Tulsa Race Massacre Commission asks governor to veto critical race theory bill

TULSA, Okla. — The Tulsa Race Massacre Centennial Commission is asking Gov. Kevin Stitt to veto a bill that would ban public education institutions from teaching critical race theory.

“If this bill becomes law it will have serious implications on teaching the 1921 Tulsa Race Massacre in schools, as well as much of the history of the U.S. which is rife with racism, sexism and discomfort,” said Phil Armstrong, project director at the 1921 Tulsa Race Massacre Centennial Commission in an open letter.

Armstrong said in addition to prohibiting mandatory diversity training, it prohibits teachers from doing their job when it comes to teaching history, literature and other subjects where race or gender might cause discomfort, guilt or anguish.
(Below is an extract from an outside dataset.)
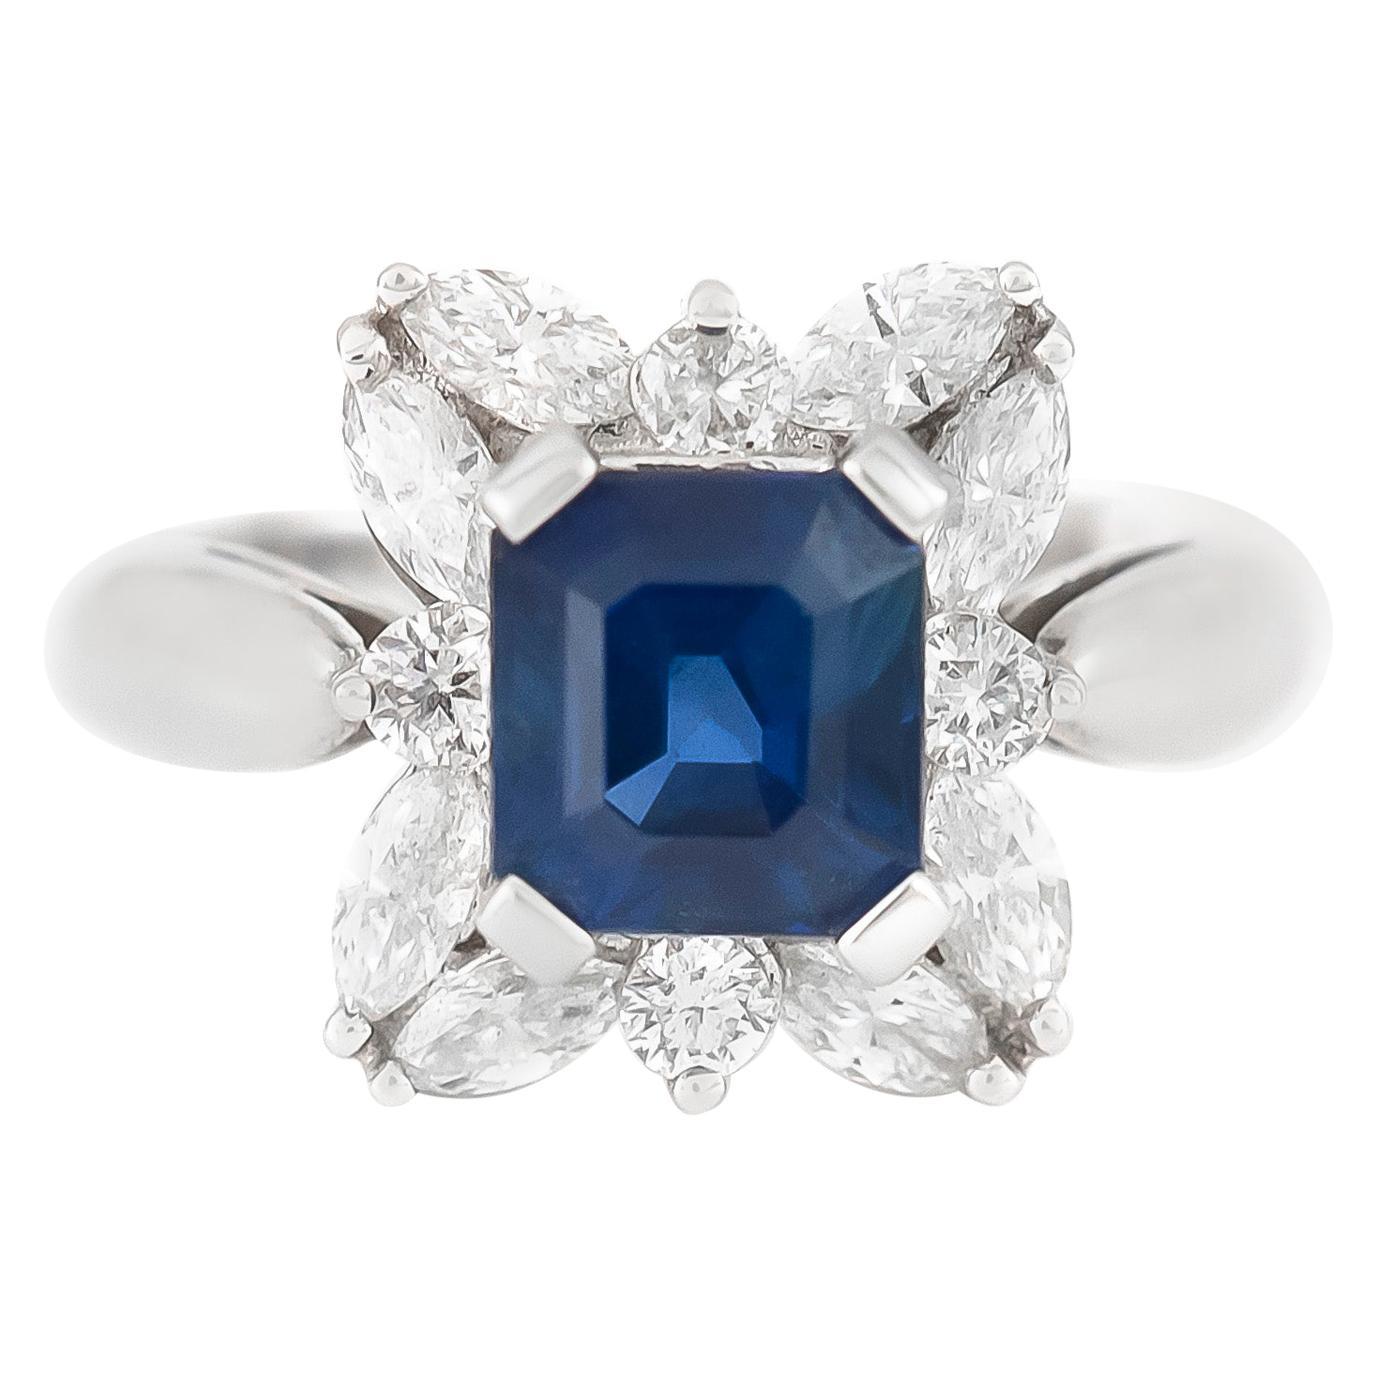 18 Karat White Diamonds Flower Setting with Center Sapphire

“At face value there are many elements of the bill that we support – for example that no race or sex is inherently superior to another race or sex, and that people should not be discriminated against because of race or sex (agree!),” Armstrong wrote.

HB1775 would not only interfere with the teaching of Black history, but the entire history of the United States, Armstrong said.

“If teachers are unable to help students process the implications of our Nation’s history without discomfort how can we teach about the Trail of Tears?” Armstrong wrote. “How can we teach about Women’s suffrage? How can we teach about the Civil War?”

The bill passed 70-19 after hours of sometimes heated discussion and debate.